By Susan Pigg
Business Reporter
There are growing concerns that Ontario’s push to curb urban sprawl and intensify development has taken off with unexpected vigour.
Condo development is in overdrive in the downtown core while construction of new single-family homes in the regions has “run out of gas” — down 57 per cent in the last decade, veteran housing experts are quietly warning.
Land prices are skyrocketing as developers, keen to cash in on the biggest condo boom in the world, are engaging in “extremely competitive” bidding for the dwindling number of prime development sites left along subway lines.
At the same time, a “perfect storm” of high development surcharges by municipalities and a shortage of develop-ready land in the outlying regions has seen housing starts decline so dramatically, they now lag far behind demand.

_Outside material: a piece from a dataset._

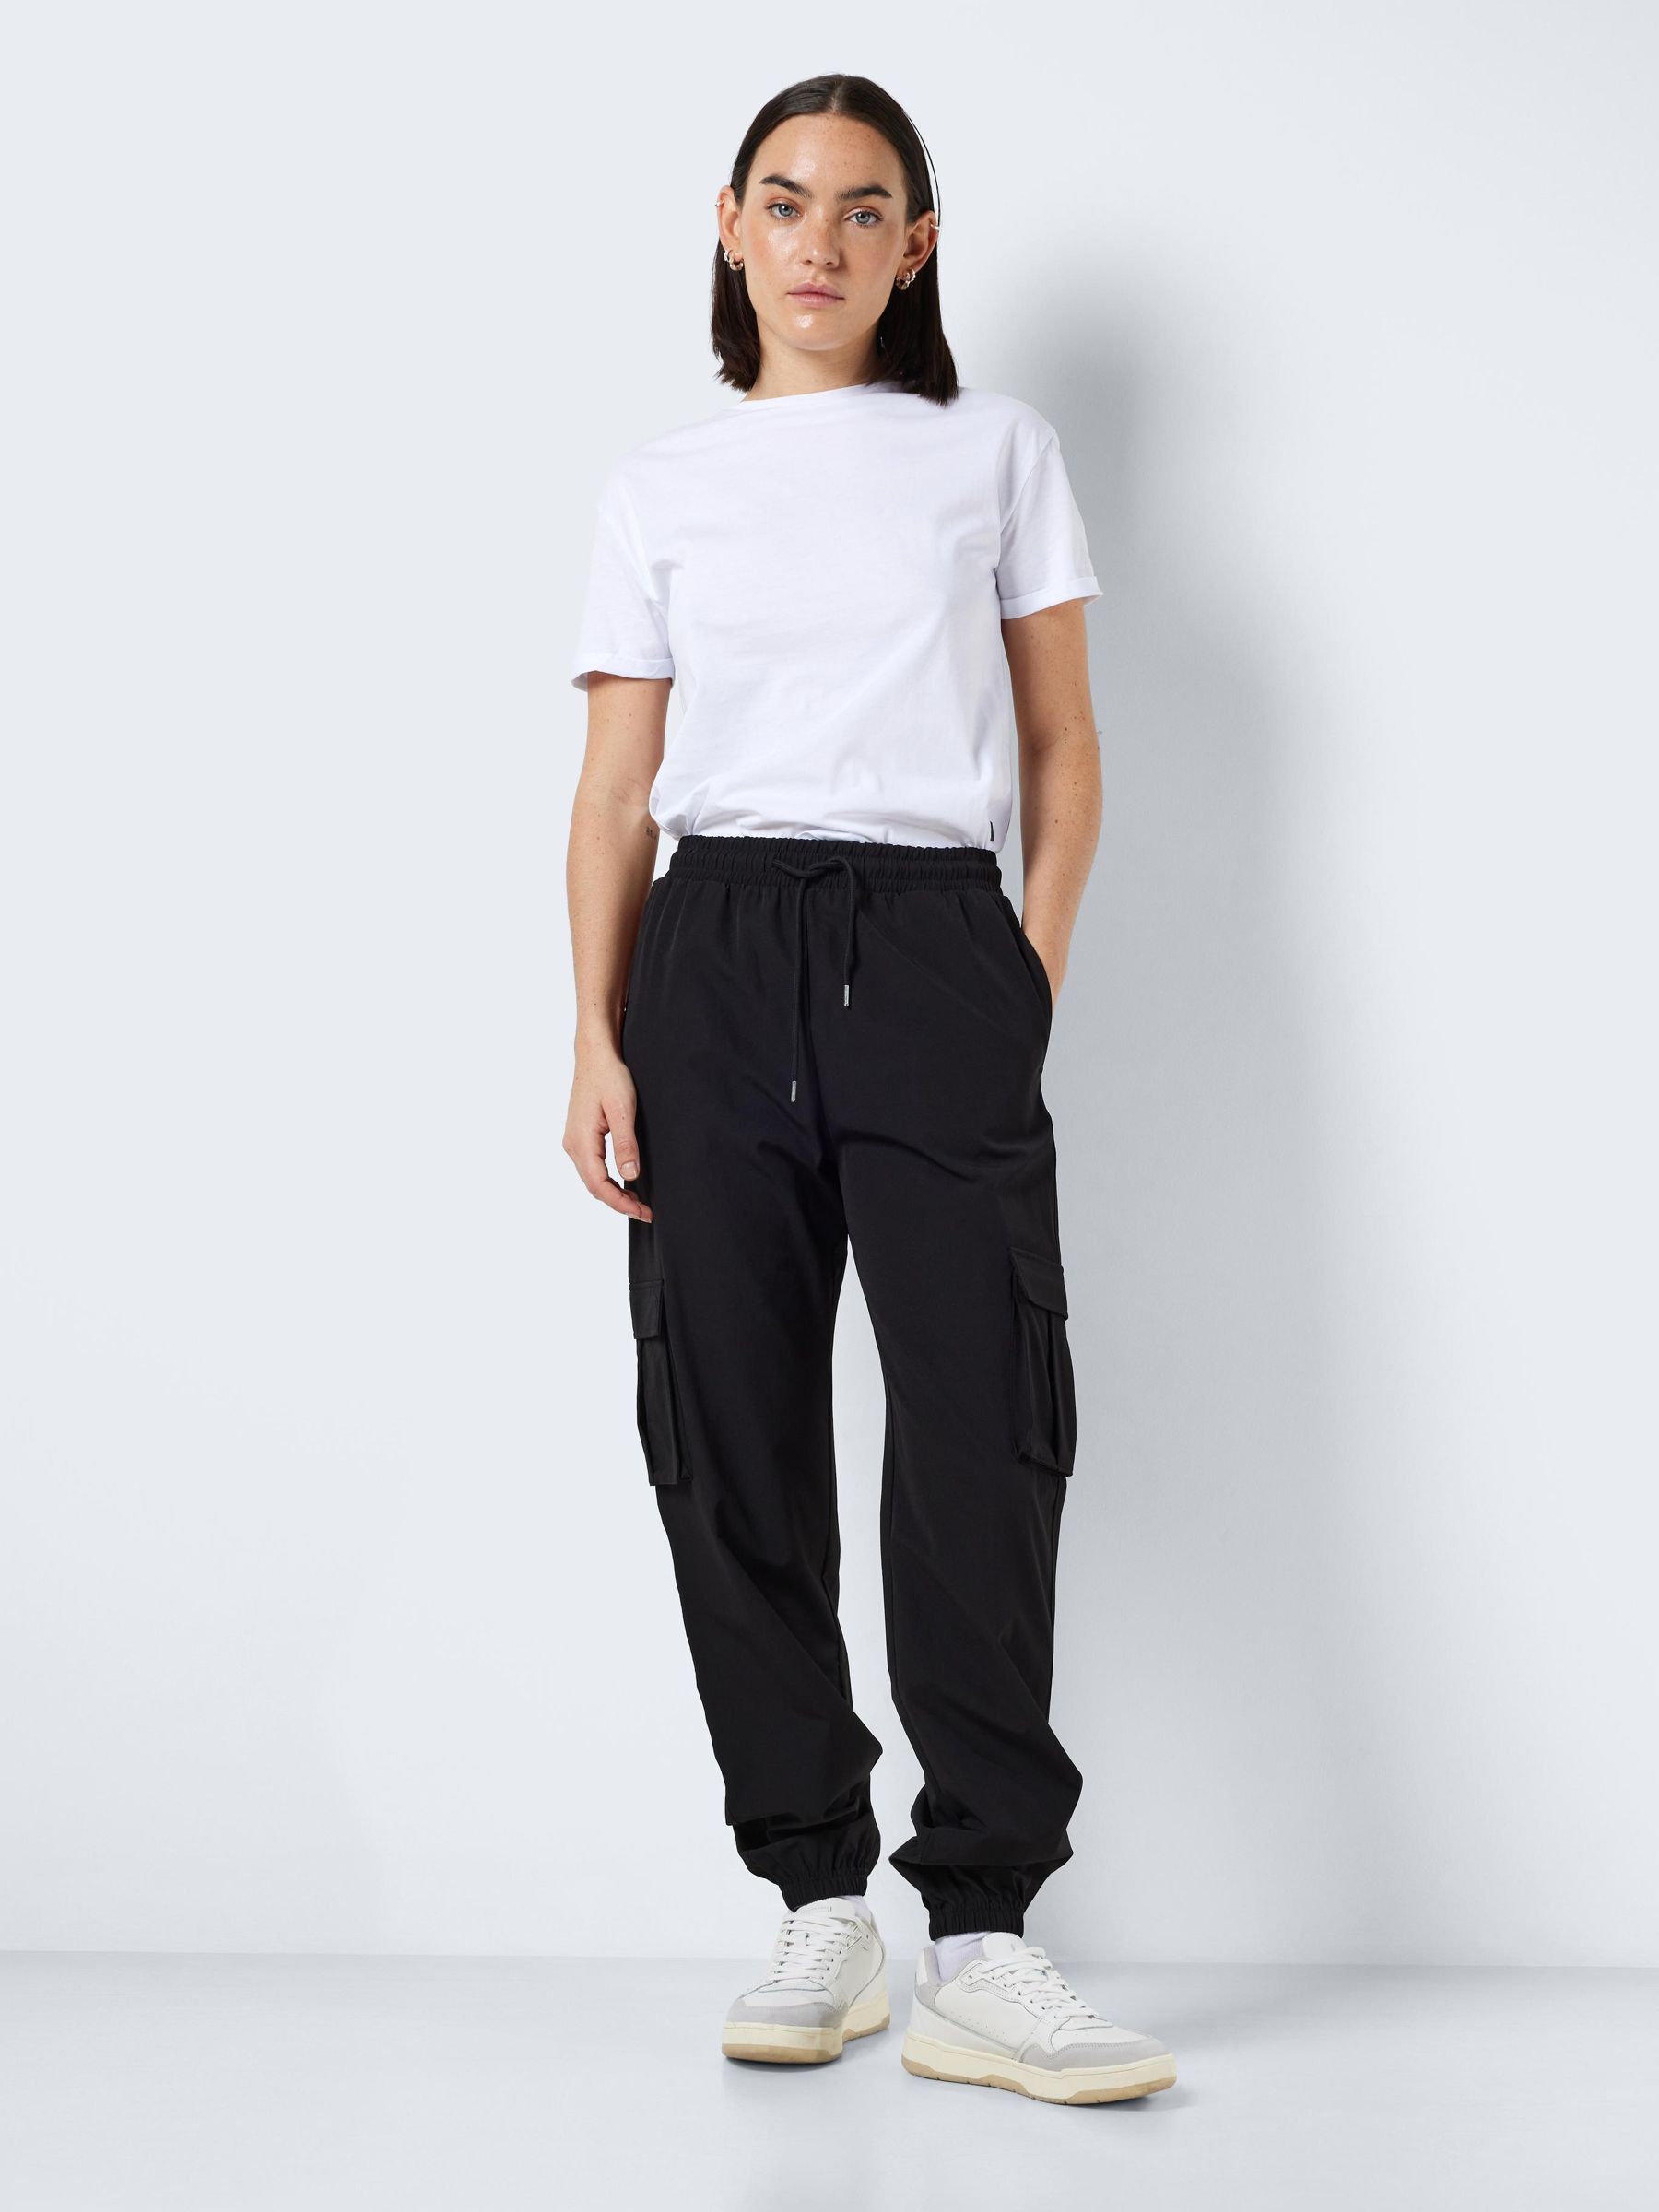 Find your new trousers from Noisy May online

The numbers are so confusing and worrisome, most of the discussion about what to do — if anything — is just going on behind the scenes at this point, although some will feature prominently Thursday at the Canadian Mortgage and Housing Corporation’s annual Toronto Housing Outlook Conference.
“Maybe we need to rethink what high density means,” says George Carras, a well-respected watcher of the housing market.
“I wouldn’t say the (province’s intensification) policy hasn’t worked. But there may have some unintended consequences.”
The biggest one, developers and housing experts fear, is that housing is already becoming unaffordable and will become completely out of reach when interest rates start rising.
Despite all the construction cranes on the Toronto horizon and suburban homes still springing up in the outlying regions, the total supply of new housing in the GTA — from condos to detached homes — is down about 32 per cent now over a decade ago, says Carras.
There are just 4,000 so-called develop-ready sites for single-family homes left in the GTA now, down from about 12,000 in 2007, he notes. And most of those are in far-flung areas of Durham such as Clarington, too far for most to commute.
The effects are now being felt from two provincial policies introduced five years ago — the greenbelt policy which set strict limits on how far the GTA could sprawl and the Places to Grow policy which encouraged higher density development.
What no one anticipated at the time was that the global financial meltdown would send investors scurrying to safe havens like Canada, looking for the keys to hard assets like real estate.
That, and the “urbanization trend” that’s taking hold right across the country — young professionals, in particular, wanting to live close to work — has sent demand for high-rise soaring, says John O’Bryan, vice chairman of commercial real estate company CB Richard Ellis.
A decade ago, some 35,000 homes — detached, semi-detached and townhouses — were being built across the GTA, says Carras. That’s now down to 15,000 a year.
While high-rise has risen from an average of just 12,000 to about 20,000, that increase of 8,000 units doesn’t begin to make up for the shortfall of new homes, especially given immigration which is seeing about 100,000 new people a year migrate to the GTA, says Carras.
The Building Industry and Land Development Assoc. (BILD) has warned that “regulatory inertia” is also contributing to housing shortages and escalating land and housing prices. Municipalities in the GTA have asked that some 10,500 hectares of so-called “whitebelt” lands — lots between the existing cities and the greenbelt — be freed up for development.
But provincial approvals and Ontario Municipal Board reviews have slowed the process and it could be two more years before major parcels are released, says Joe Vaccaro, acting president of BILD.
Right now the “active inventory” of low-rise housing in the GTA stands at just 6,000, says Carras, a record low from historic levels of about 24,000.
Already the region is at risk of an affordability crisis that will only worsen if supply doesn’t pick up and interest rates do, notes economist Will Dunning in a recently released report Restricted Land Supply and Rising Housing Costs in the GTA, done for the Residential Construction Council of Ontario.
House prices have risen 78 per cent in the GTA from 2000 to 2010 — on average 5.9 per cent per year, well above the 2.1 per cent inflation and 2.7 per cent wage increases during the same period.